GithubHelp home page GithubHelp logo

epla's Introduction

Development and interpretation of a pathomics-based model for the prediction of microsatellite instability in Colorectal Cancer

This package provides an implementation of the prediction of microsatellite instability in whole slide imaging of Colorectal Cancer patients using deep learning

Citation

Cao R, Yang F, Ma SC, Liu L, Zhao Y, Li Y, Wu DH, Wang T, Lu WJ, Cai WJ, Zhu HB, Guo XJ, Lu YW, Kuang JJ, Huan WJ, Tang WM, Huang K, Huang J, Yao J, Dong ZY. Development and interpretation of a pathomics-based model for the prediction of microsatellite instability in Colorectal Cancer. Theranostics 2020; 10(24):11080-11091. doi:10.7150/thno.49864. Available from http://www.thno.org/v10p11080.htm

Setup

Dependencies

Processing pipelines are implemented in python.

Python 3.6+

  • torch 1.1.0
  • torchvision 0.2.1
  • numpy 1.15.2
  • pandas 1.0.3
  • xgboost 0.90
  • pillow 5.3.0
  • scikit-learn 0.23.1
  • logging 0.5.1.2
  • joblib 0.15.1
  • pickle 4.0

Requirements to run the algorithm and average test time

  • 0.5118 s/patient using Nvidia GPUs (P40)
  • 20.9291 s/patient using regular CPU machines

Data

Data are in png format, and the patient info table is in csv format. Results will be saved in csv format.

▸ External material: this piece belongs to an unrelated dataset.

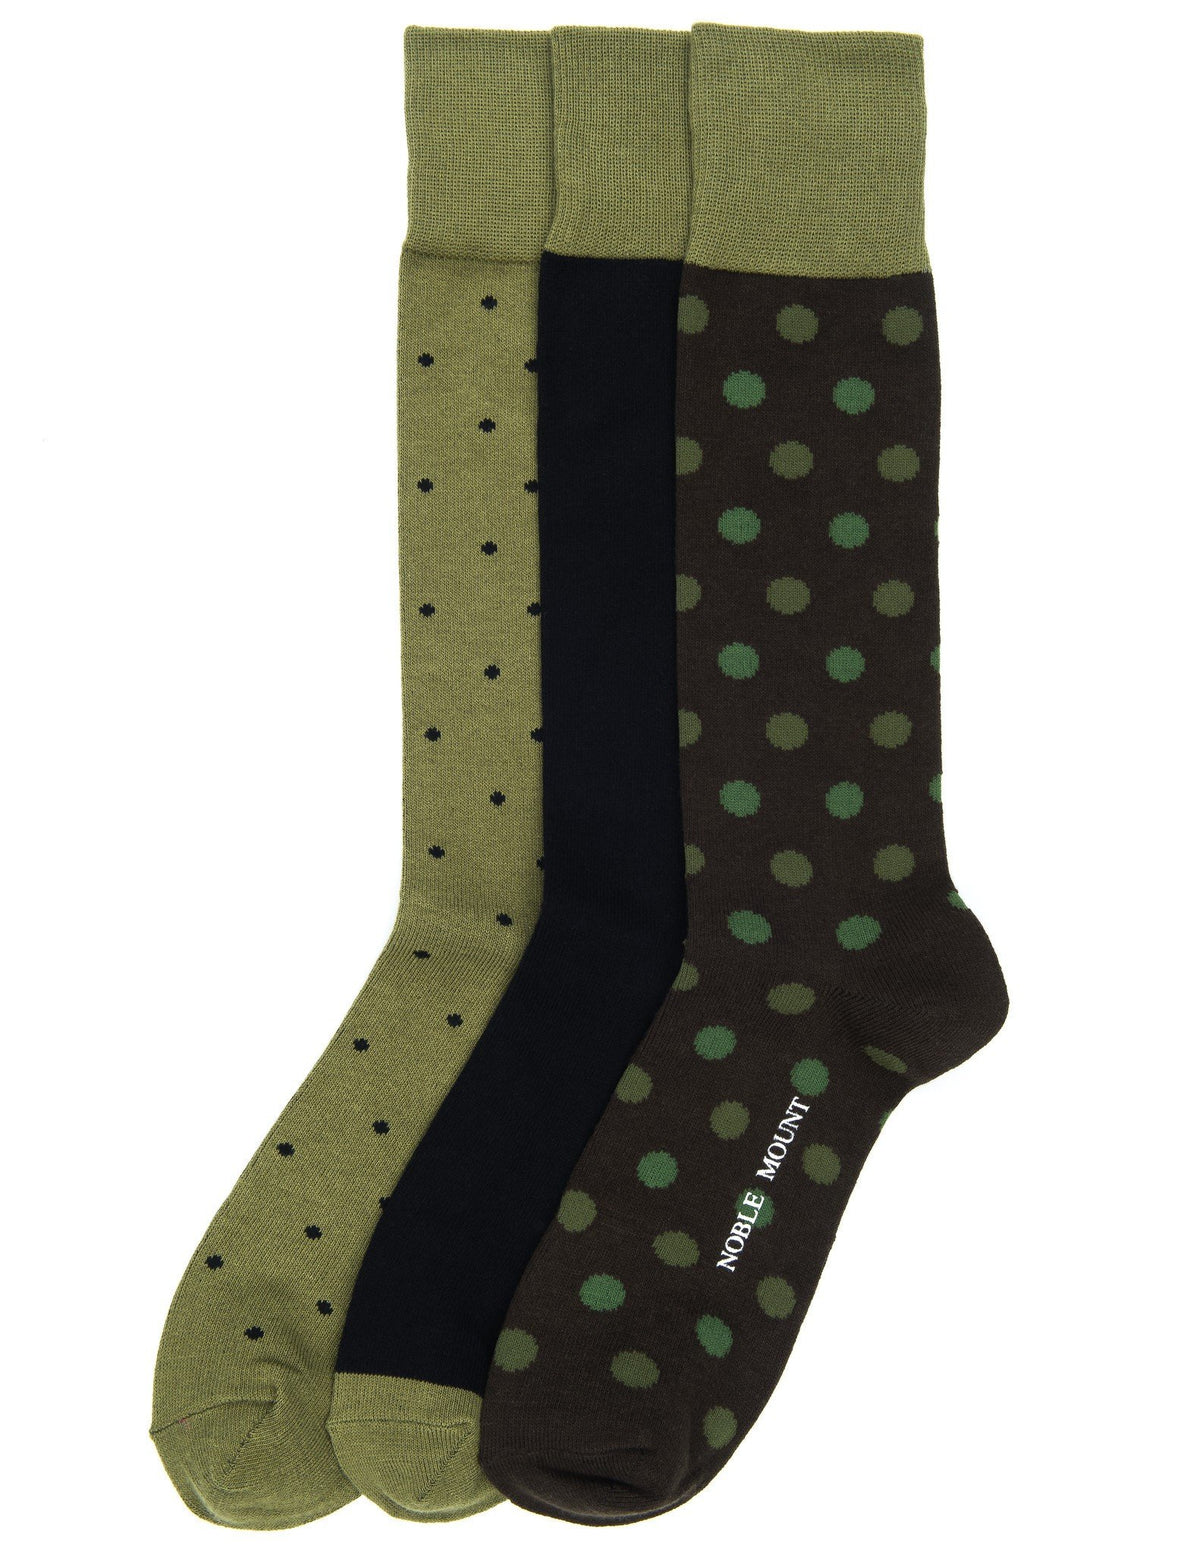 Men's Combed Cotton Dress Socks 3-Pack - Set A7

Input patient info table format

A csv file in the following formate is needed for prediction:

patient_ID
TCGA-AA-3812-01
TCGA-AA-A00E-01
TCGA-AA-A01Q-01
TCGA-AA-A02R-01

If you use other kind of names, please change related codes. There are also some cropped patches in the folder to help you go through the whole process.

Model checkpoints

All models and feature matrix needed for processing the interpretation is stored in this fold.

  • dnnPatchClser.pt
  • bow.model
  • palhi.model
  • bow_feature.pkl
  • bow_tfidftransformer.pkl

Calculate the MSI likelihood of each patch (Step 1)

Prediction on the patch level code will make prediction on each patch. To run the code:

python dnn_patch_clser.py --model_folder=./models --test_data_search_path=./data --gt_table=./gt_tbl.csv --model_name=dnnPatchClser.pt --result_folder=./results

The model_folder is the folder that stores the model.

The result_folder is the folder that stores the results.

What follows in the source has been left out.